We present a class of statistical learning algorithms formulated in
terms of minimizing Bregman distances, a family of generalized entropy
measures associated with convex functions.  The inductive learning
scheme is akin to growing a decision tree, with the Bregman distance
filling the role of the impurity function in tree-based classifiers.
Our approach is based on two components.  In the feature selection step,
each linear constraint in a pool of candidate features is evaluated by
the reduction in Bregman distance that would result from adding it to
the model.  In the constraint satisfaction step, all of the parameters
are adjusted to minimize the Bregman distance subject to the chosen
constraints.  We introduce a new iterative estimation algorithm for
carrying out both the feature selection and constraint satisfaction
steps, and outline a proof of the convergence of these algorithms.
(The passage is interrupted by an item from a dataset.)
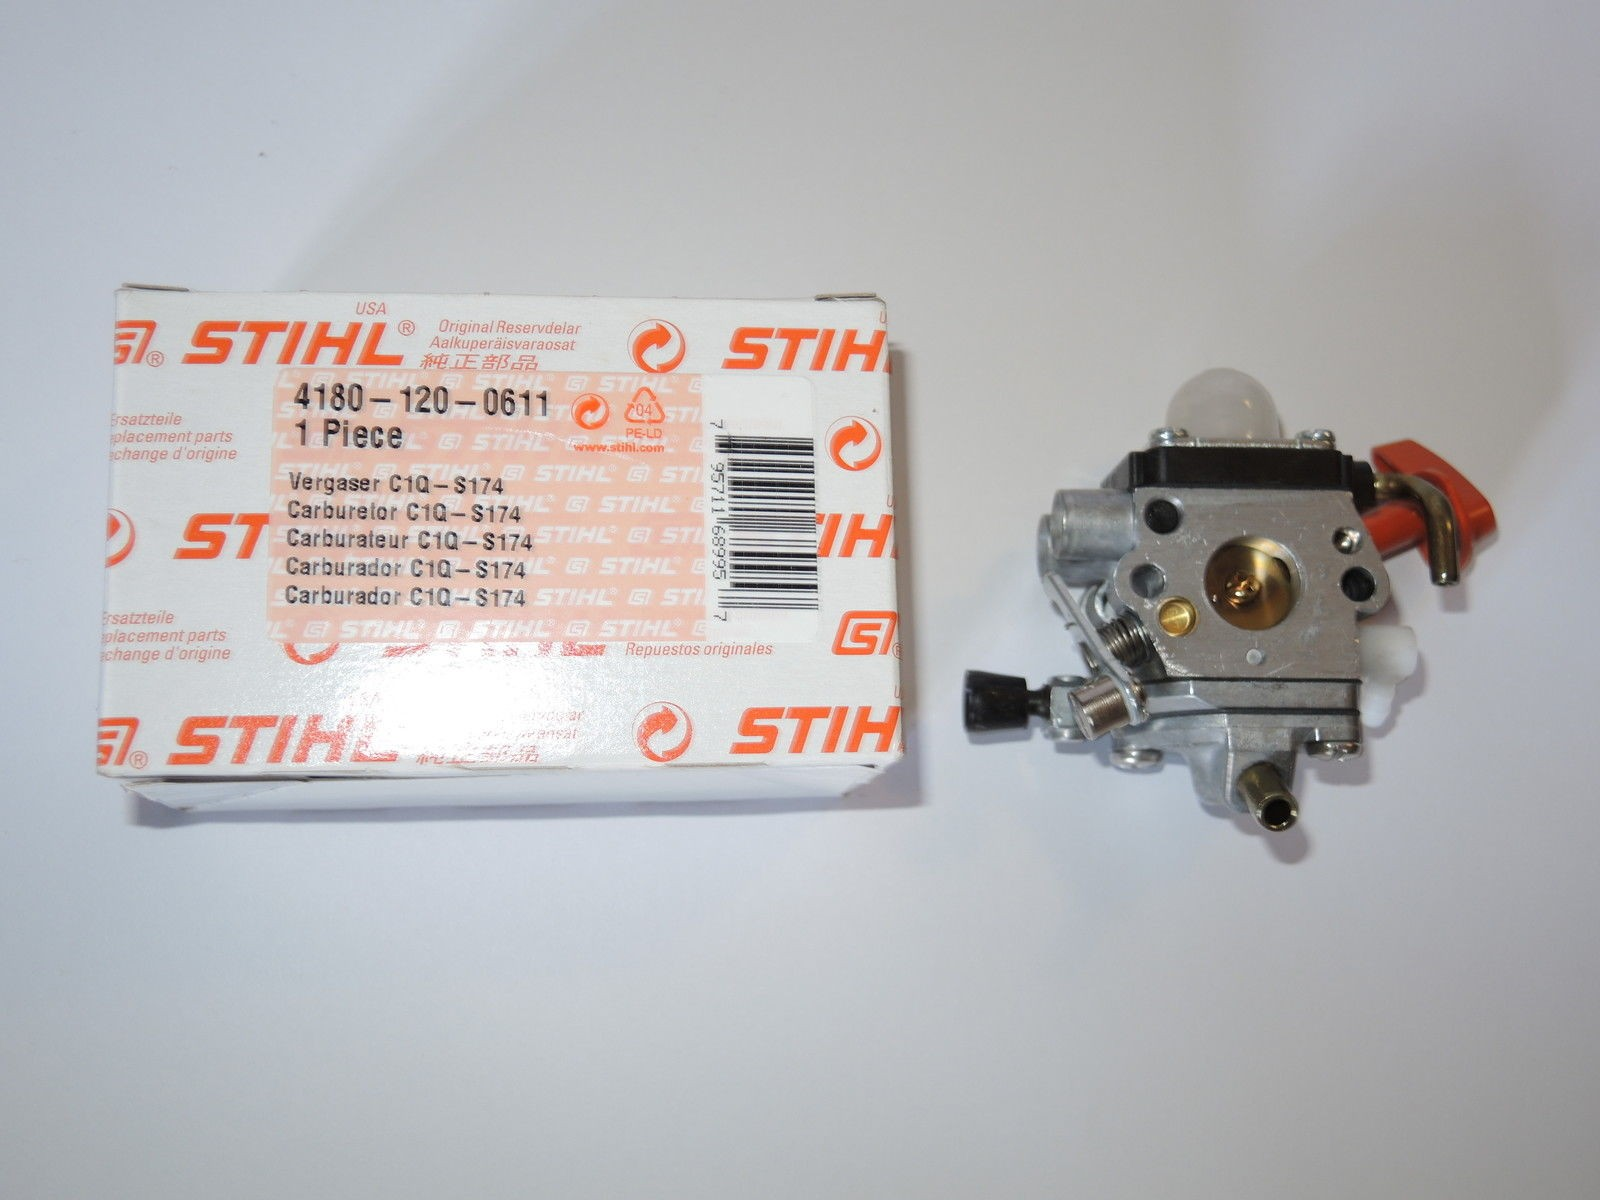 Stihl Carburettor C1Q-S174 for FS FC FT HL HT KM 87 90 95 100 101 110 -  AMEISENGARTEN

Informal Note: Lately, I often ask machine learning types if they've
heard of Bregman distances.  No one I've ever asked has!  This family of
"distances" might be worth knowing about, however, in light of Csiszar's
results on axiomatic characterizations of statistical inference
problems.  They are also widely used in certain inverse problems that
come up in computerized tomography.  This is based on a paper I'll
present at the upcoming Canadian Workshop on Information Theory at the
Fields Institute in Toronto.